TUPE is relevant to many different businesses, and many different transactions they may be making, no matter their size. There are two types of transfer protected under TUPE regulations:
- Business transfer – where a business moves over to another owner, or merges with another business to create a new, single entity. This also relates to parts of businesses coming under new ownership.
- Service provision change – This is when a service provided in house is awarded to a contractor; a contract ends and is given to a new contractor; or a contract ends and the work is transferred in-house by the former customer.
Some new business owners may decide to cut their workforce in half to save on costs, or even before a transfer happens there may be redundancies that appear seemingly out of nowhere. This can be a frustrating and stressful time for employees.
Regulation 3(1)(a) explains this as: “a transfer of an undertaking, business or part of an undertaking or business situated immediately before the transfer in the UK to another person where there is a transfer of an economic entity which retains its identity.”
But what does this mean for employees? When the TUPE transfer happens, all employees of the business being transferred are automatically moved over, including the terms and conditions of their employment contracts. Although it is the legal right of employees to transfer with their previous contractual terms, there may be special circumstances that don’t apply with regard to pensions.
If an employee takes their employer to an employment tribunal for a breach of TUPE regulations claim, the following factors will be considered when determining if the transfer is one to which the TUPE regulations apply:
- The type of undertakings that are being transferred and whether these include assets such as buildings or mobile property
- Whether any clients/customers of the business have been transferred
- Whether the employees of the business have been transferred
- Any intangible assets that are being transferred, such as patents and trademarks
- The correlation between the activities carried out prior to and after the transfer
Service provision changes
SPCs, or service provision changes, relate to the following three elements:
- Second generation outsourcing/re-tendering
This is where a role that is usually carried out internally to the business (for example, financial adviser) is “outsourced” to an external contractor.
2. Second generation outsourcing/re-tendering
Where a role carried out by an external contractor is given to a different contractor instead, through second generation outsourcing and/or a re-tendering process. There may be a few reasons for a business to go through this process. For example, the contract is ending and they wish to explore more cost-effective options; they have had a negative experience with the current contractor; or the current contractor is ceasing trade.
Where a role carried out by an external contractor is brought in-house to be carried out by the client instead. Whether or not this role was previously in-house prior to being completed externally does not matter in this scenario.
SPCs can be complex, so it’s important to seek legal advice if you feel your employer has breached TUPE regulations in this regard. When determining if an SPC has happened, your solicitor will need to check certain requirements were met, such as the identification of activities that describe the role/service and the identification of employees involved.

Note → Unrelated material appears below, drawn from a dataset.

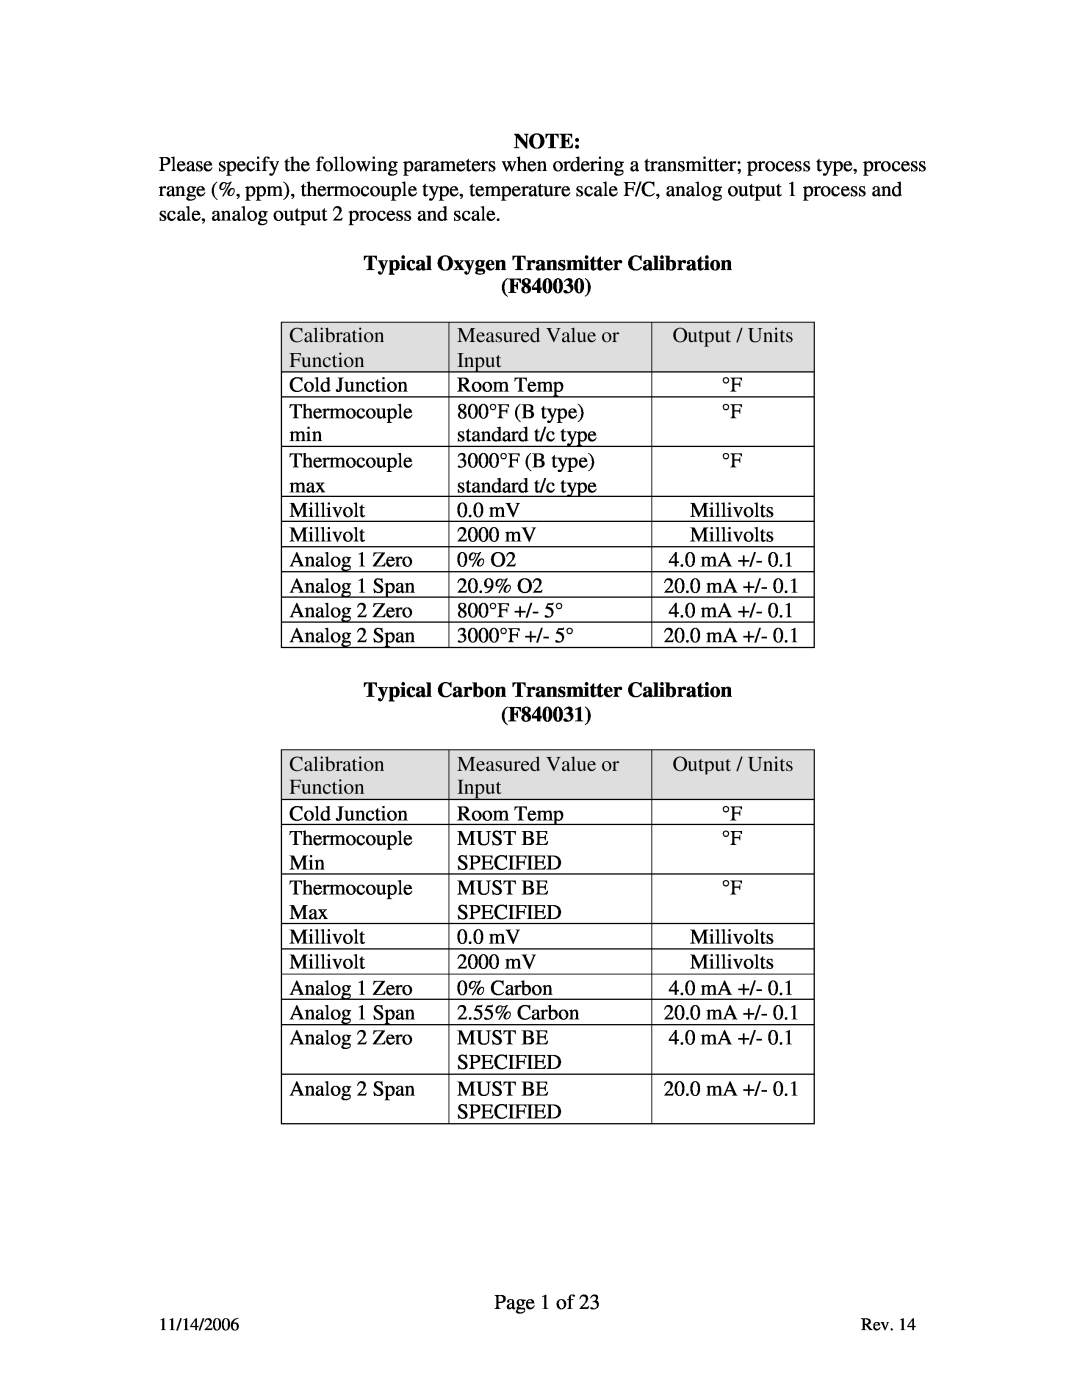 Marathon F200060 manual Typical Oxygen Transmitter Calibration F840030, Typical Carbon Transmitter Calibration, F840031

What is protected under TUPE regulations?
Below is a list of the common protections outlined for employees under TUPE regulations:
- Retention of current contractual terms and conditions
- Continuation of existing holiday entitlements
- The right not to suffer a substantial detrimental change in working conditions after the transfer
- The transfer of any open cases/claims against the company
- The right to a continuation of non-“occupational” pensions, although the new owner would be under no obligation to continue using the same company
- Retention of current length of service
- If a redundancy occurs due to the transfer, employees’ have the right to claim unfair dismissal
- The right to be consulted by the employer on the ramifications of the transfer, before it takes place.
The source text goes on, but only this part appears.